Researchers have uncovered a privilege escalation vulnerability in the Cloud Functions service on the Google Cloud Platform, that could allow an attacker to gain unauthorized access to other services and sensitive data.
Cloud Functions is a serverless environment for executing tasks, allowing developers to create single-purpose functions that run in response to specific events in the cloud without the need for server management or framework updates.
The vulnerability known to be ConfusedFunction discovered by Tenable in which an attacker could escalate their privileges to the level of the default Cloud Build Service account, gaining access to various services such as Cloud Build, artifact registries, and container registries.
The vulnerability persists in the automatic creation of the Cloud Build account, which is linked to the default Cloud Build instance upon the creation or update of a Cloud Function. This account has excessive privileges, enable the attacker to perform lateral movement and privilege escalation within the victim’s project, as well as to gain unauthorized access.

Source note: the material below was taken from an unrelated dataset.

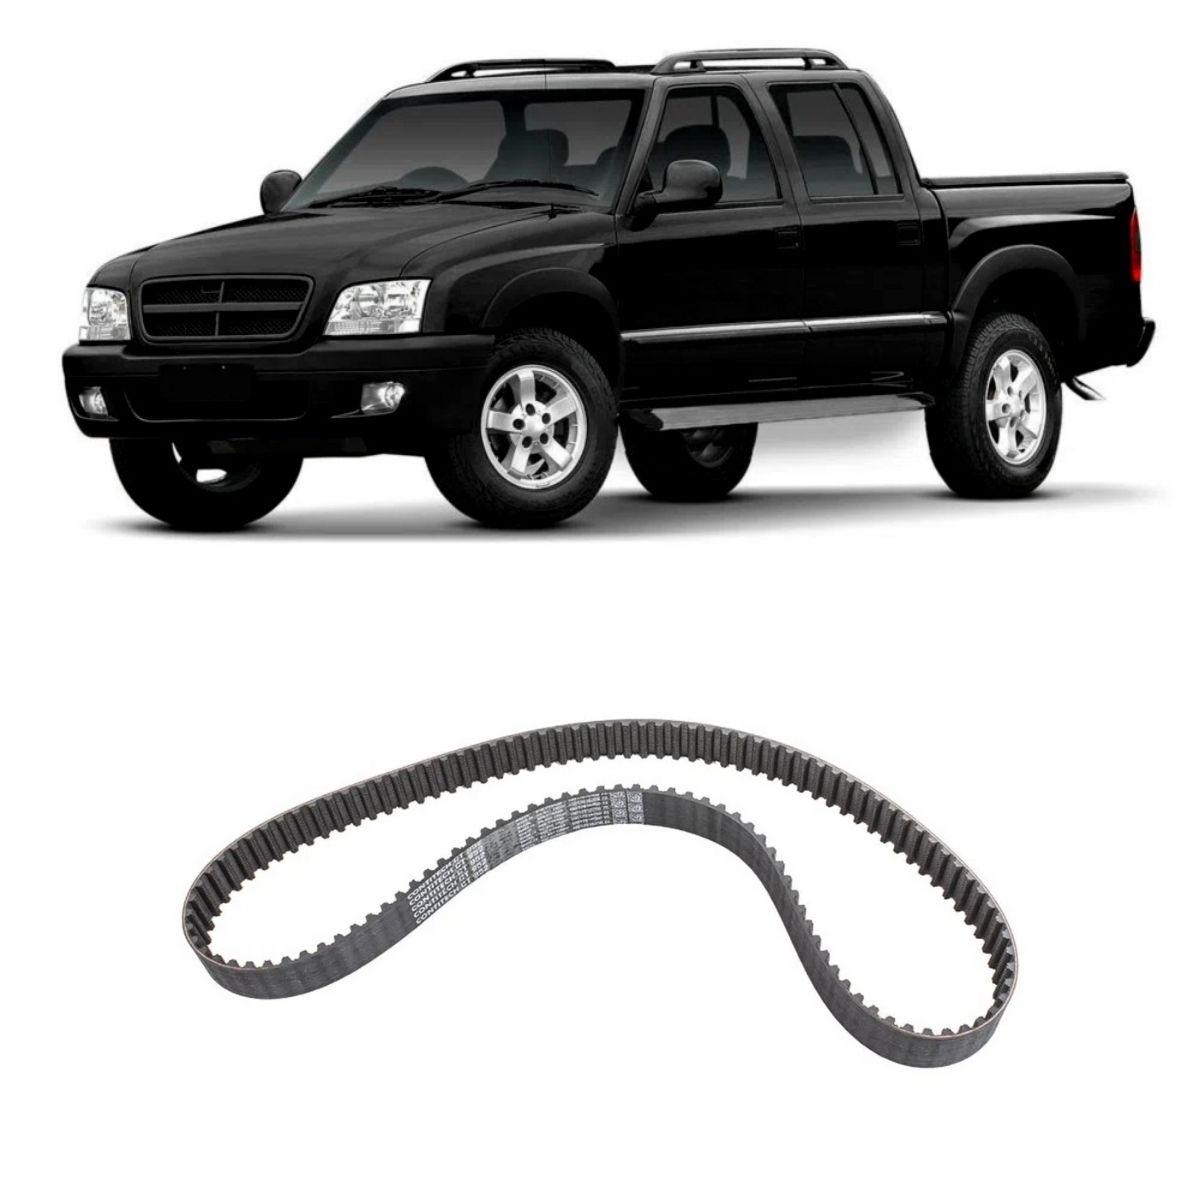 Correia Dentada S10 2.5 1995/2002 Ranger 1998/2002 Diesel

Following responsible disclosure, Google updated the default behavior to have Cloud Build use the Compute Engine default service account to prevent abuse
Although the fix by GCP reduced the severity of the issue for future deployments, it did not eliminate it. Deploying a Cloud Function still triggers the creation of the specified GCP services, necessitating the assignment of minimally necessary yet sufficiently broad privileges to the Cloud Build account during the function deployment process.